Leading defence and security organisation, BAE Systems has set out six criminal types responsible for money laundering around the world, to help global businesses understand the motivations and modus operandi of criminals targeting their business. The company hopes to help businesses fight the significant threat posed by financial crime.
Accounting for almost $2trn each year[1], money laundering is having an increasingly devastating effect on societies around the world. The criminals behind money laundering are finding ever more sophisticated ways of disguising their activity. Research shows that money laundering activity has a significant impact on society as it drives up property prices and increases taxes and insurance premiums while also funding other criminal activity such as the drugs trade and international terrorism.
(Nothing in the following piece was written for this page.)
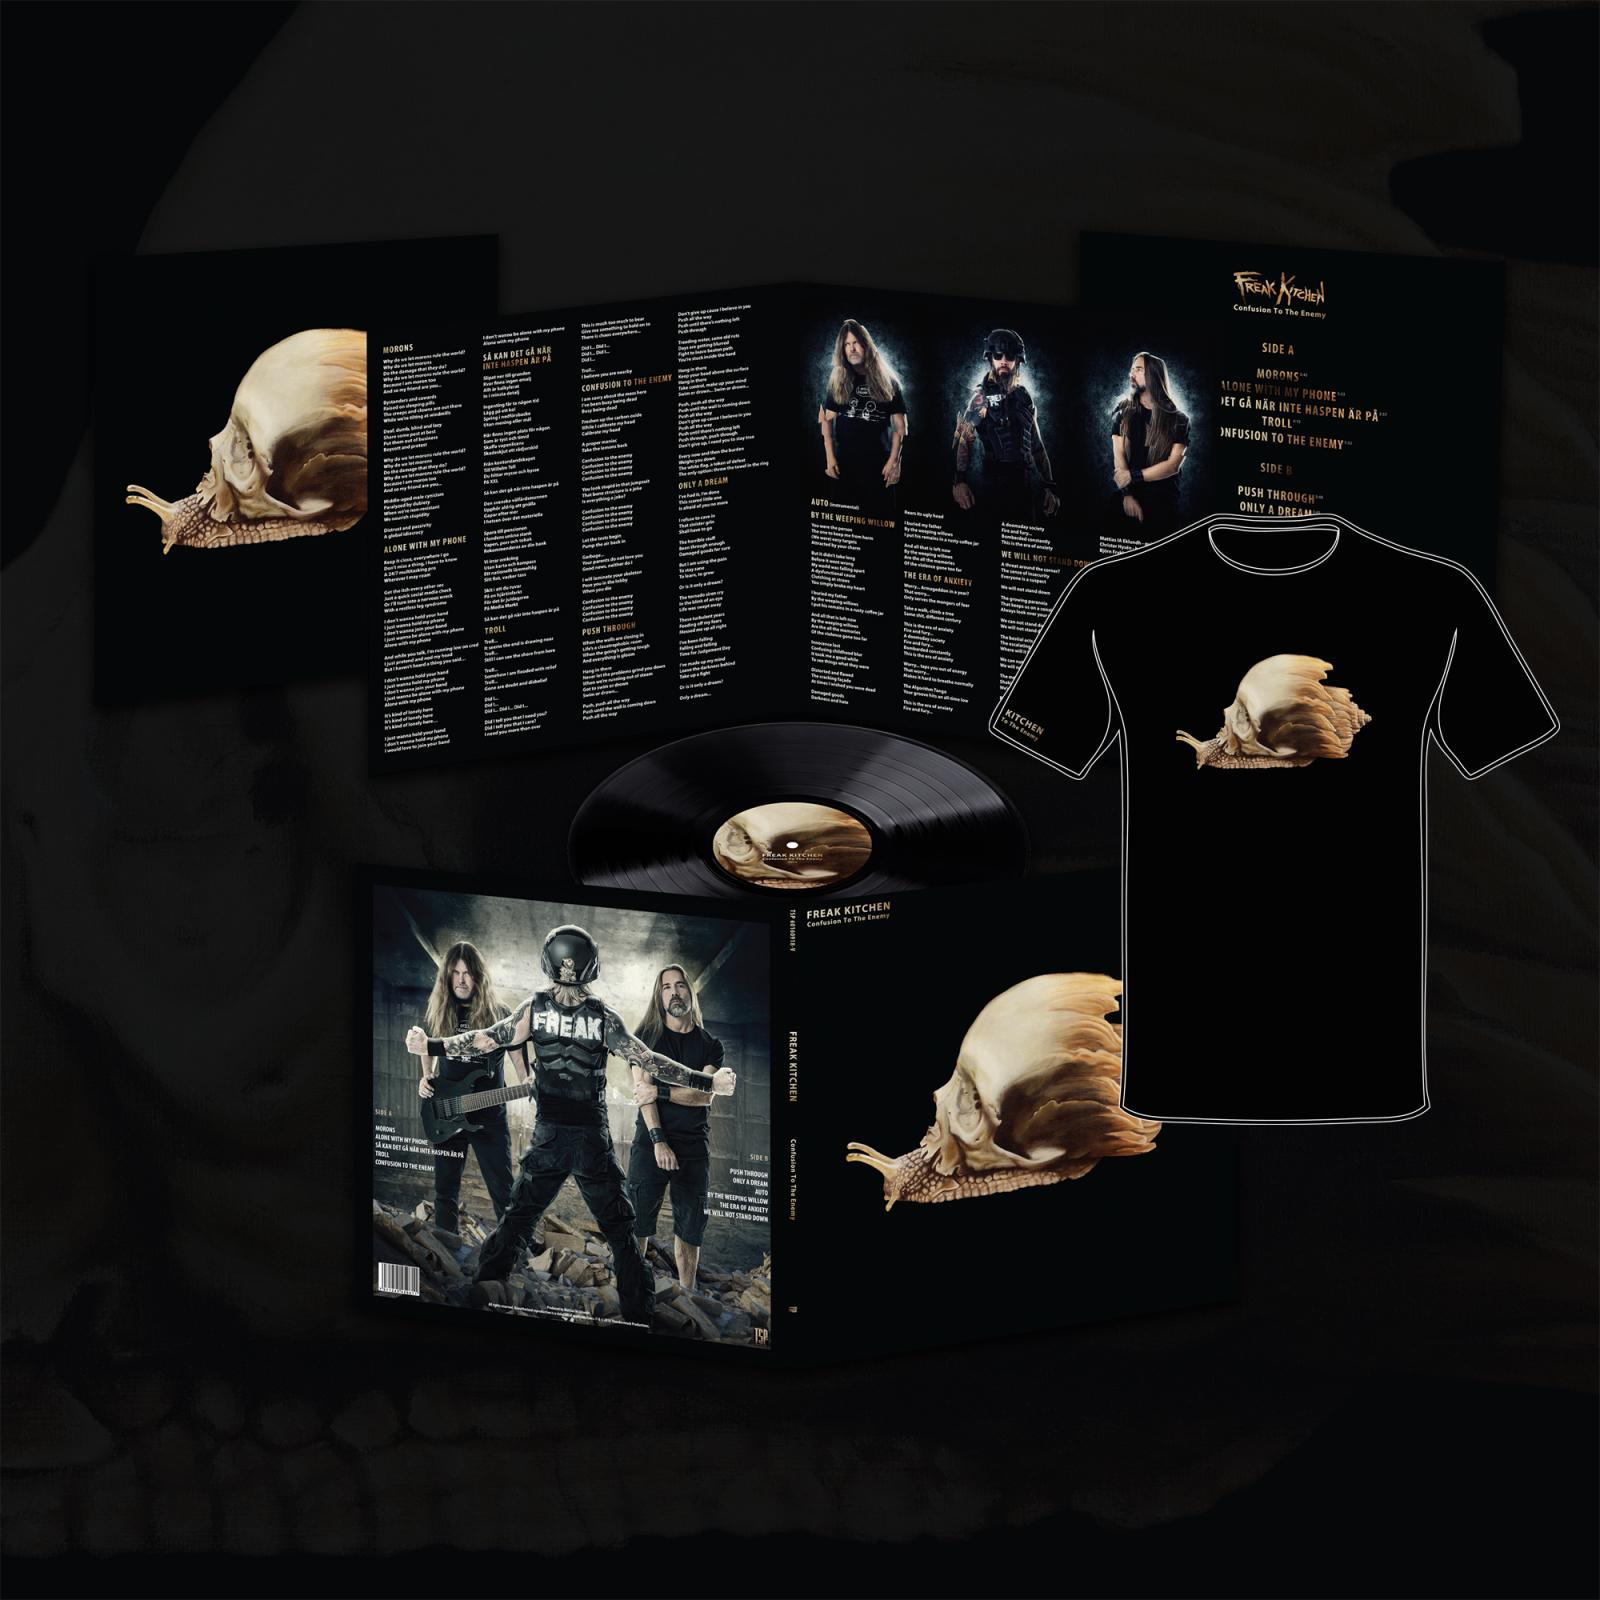 Vinyl LP and T-shirt

To help businesses recognise the threats to their business, BAE Systems’ subject matter experts analysed customer data to identify the people most commonly involved in money laundering. They are:
- The Source – White collar fraudsters and organised crime gangs making illegal profit from their crimes. As a result of operating outside the law they need their money ‘cleaned’ before it can be used.
- The Leader – Leaders are clinging to power and stripping their country of wealth to line their own pockets. Their outcast status causes the Leader to resort to subterfuge to hide their funds and spend money on the things that keep them in power.
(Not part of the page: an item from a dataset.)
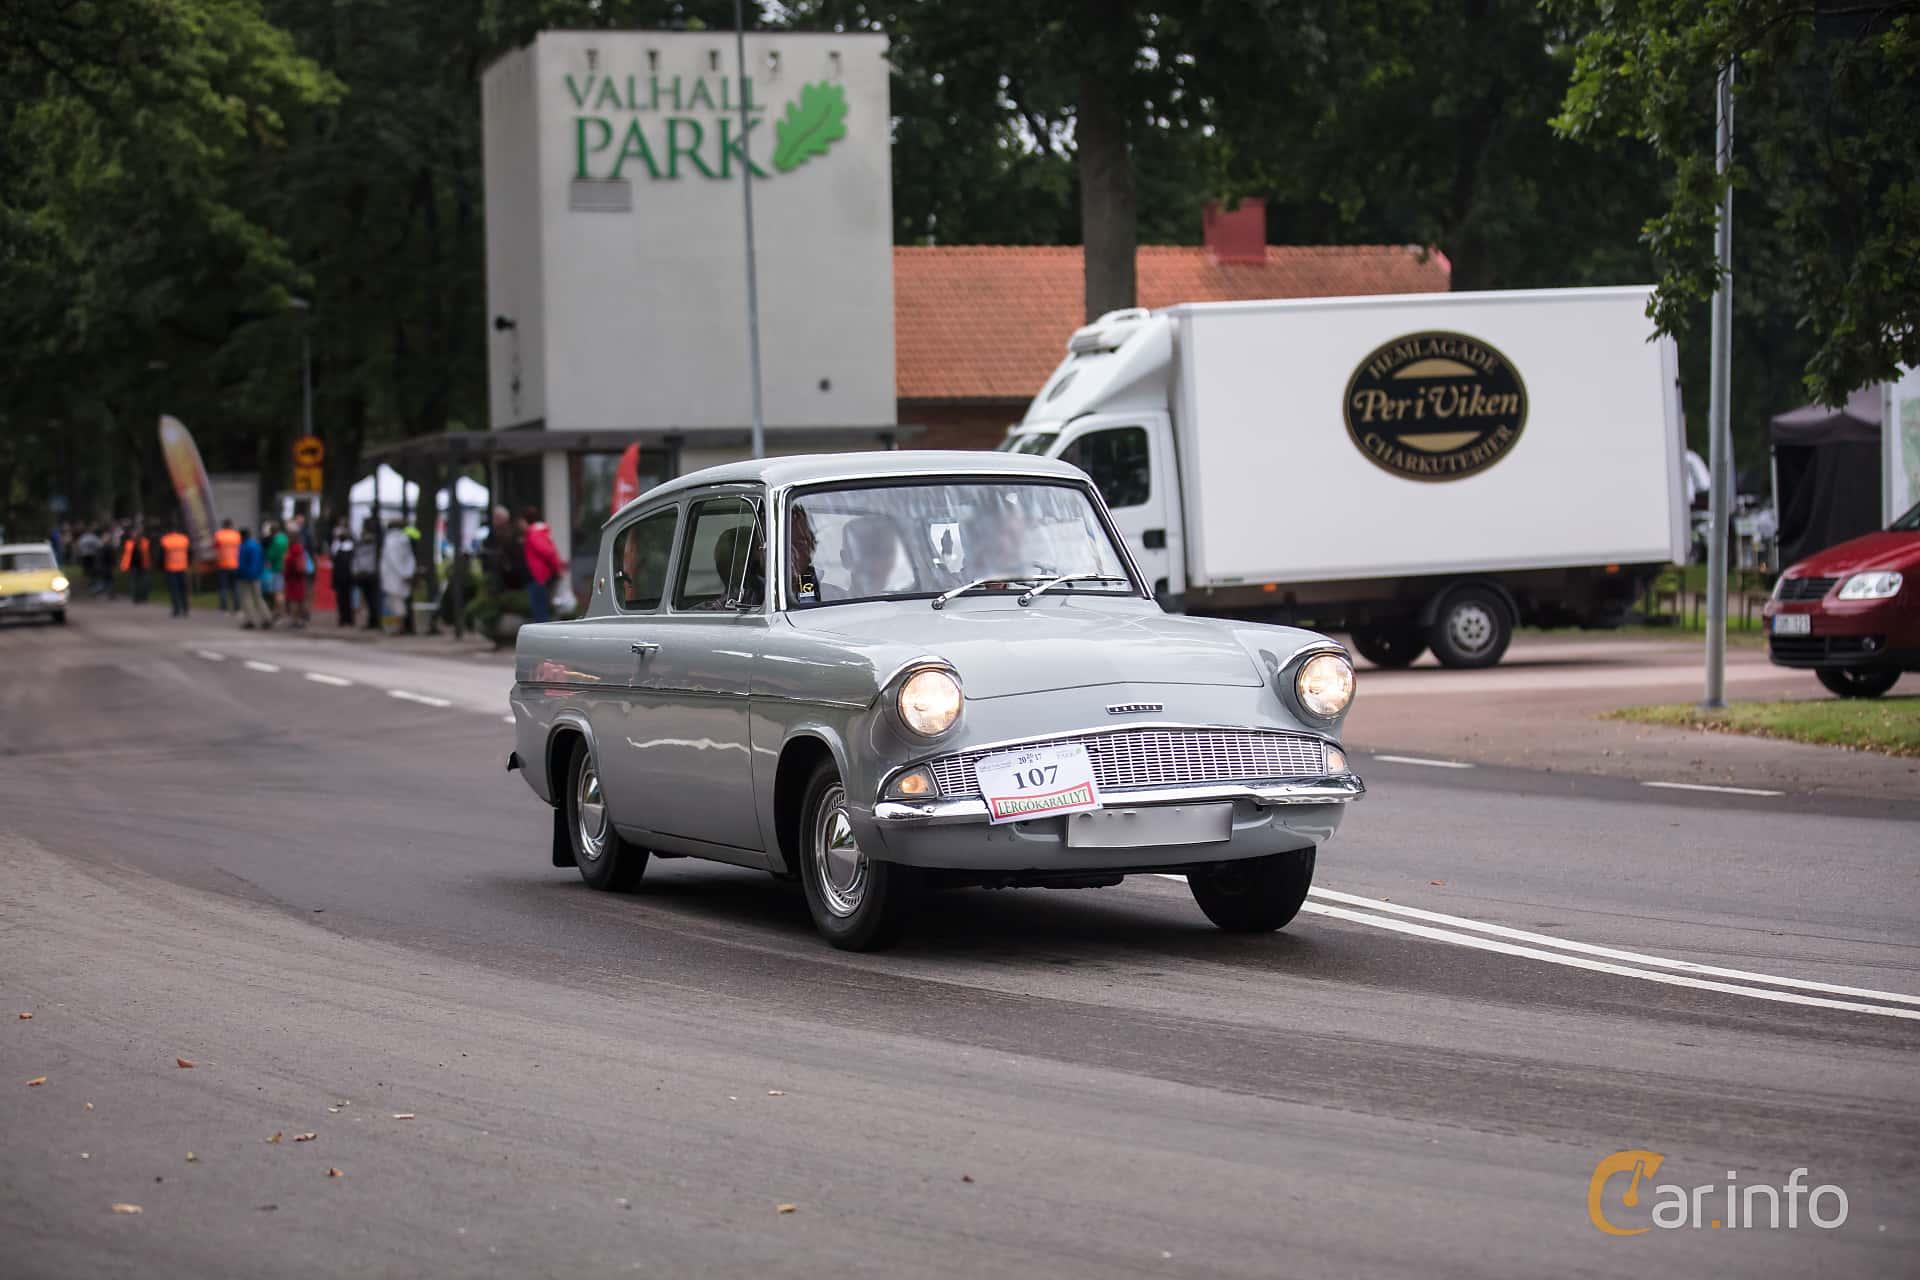 Ford Anglia 1.0 Manual, 39hp, 1960 at Lergökarallyt 2017

- The Bystander – Bystanders don’t facilitate crime but are happy to turn a blind eye while their mysterious client lines their pockets.
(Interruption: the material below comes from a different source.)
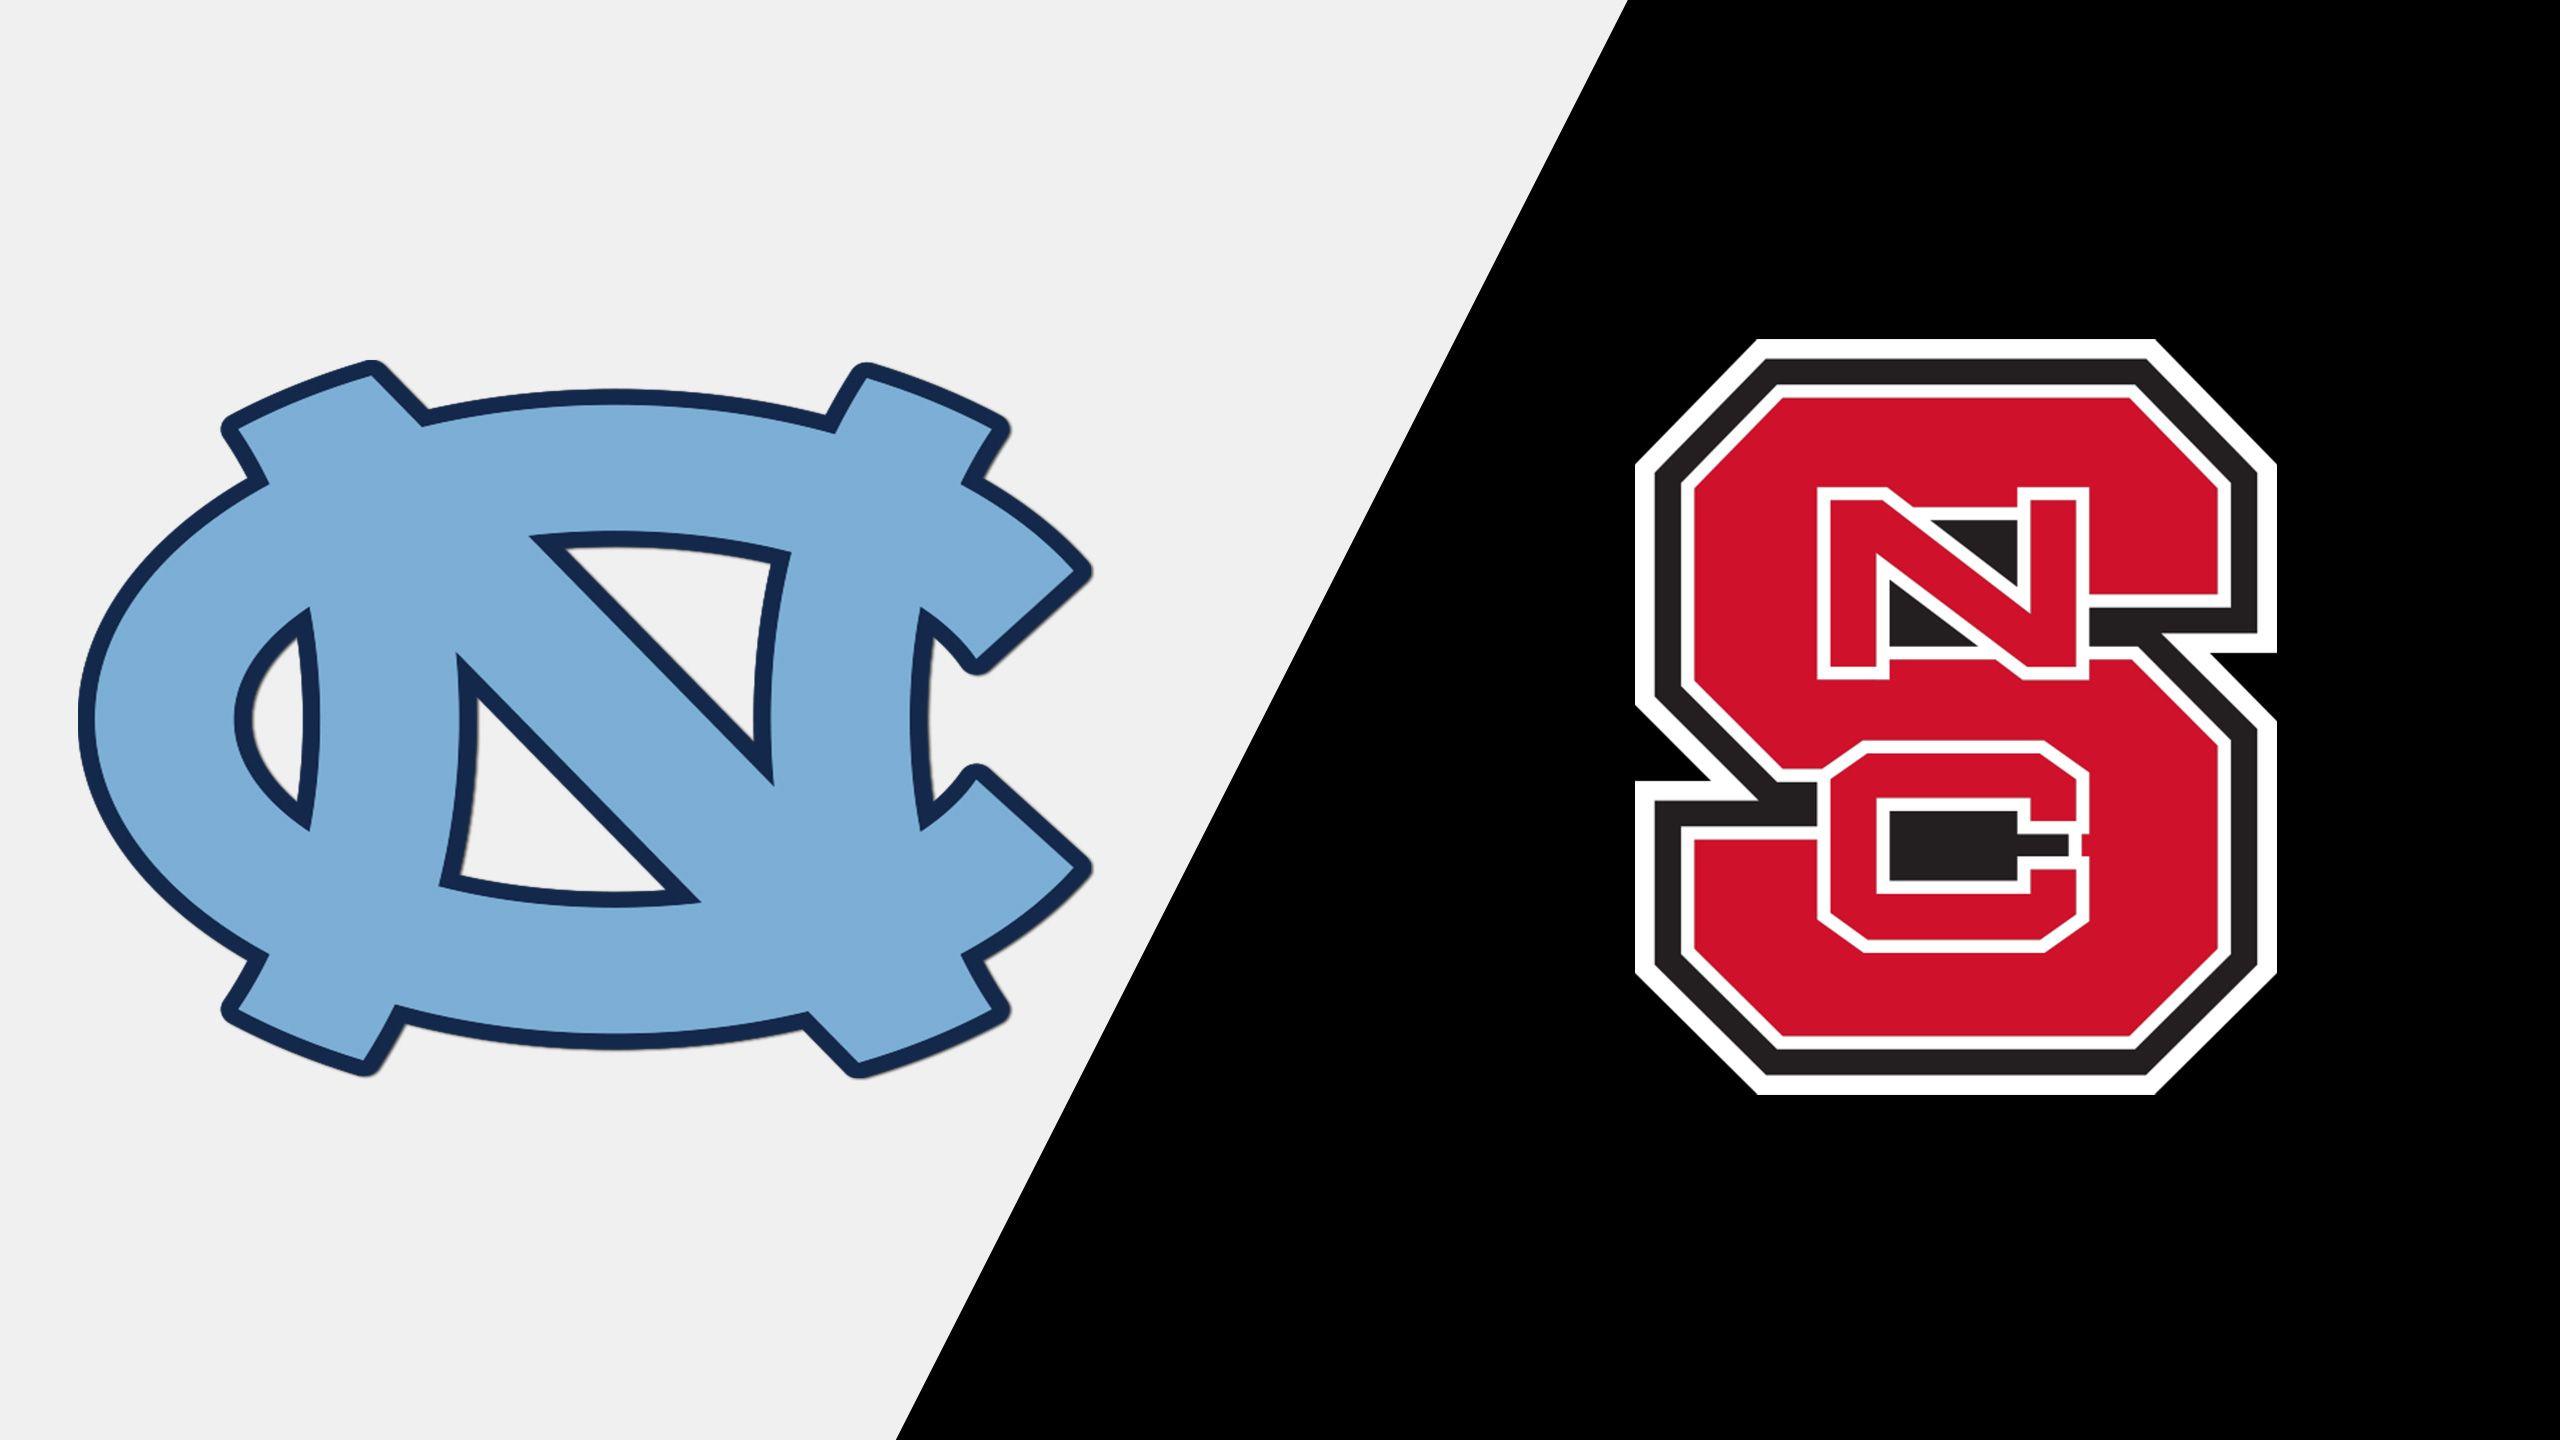 #12 North Carolina vs. #3 NC State (Baseball)

- The Watched – People on international watch lists who could either be corrupted or facilitate corruption for a price.
- The Shark – Sharks enable crime by helping move illicit funds through the banking system, profiting themselves along the way.
- The Shop Front – Legitimate-looking businesses that exist to launder money, catering specifically to criminals.
“In today’s digital world, criminals are constantly exploring new ways to find and exploit loopholes in legitimate channels to make the proceeds of crime look like legal tender. But the real issue isn’t simply the illicit money, it’s the wider impact of these criminal acts,” says Rob Horton, Head of Financial Crime Solutions EMEA at BAE Systems.
“Money laundering keeps hospitals, schools and libraries from being built as the proceeds of crime contribute nothing to the public purse. Launderers are also bending the property market, pricing first time buyers out of many cities. And the profits of money laundering are the cause of organised crime across the world, from drug trafficking and gun smuggling, to fraud and modern slavery.
The fight against money laundering needs a new era of collaboration between the financial services industry, government and technology and compliance specialists. Understanding the motivations and modus operandi of the people behind it is the critical first step. Businesses need to understand the enemies they face in order to successfully protect themselves against them.”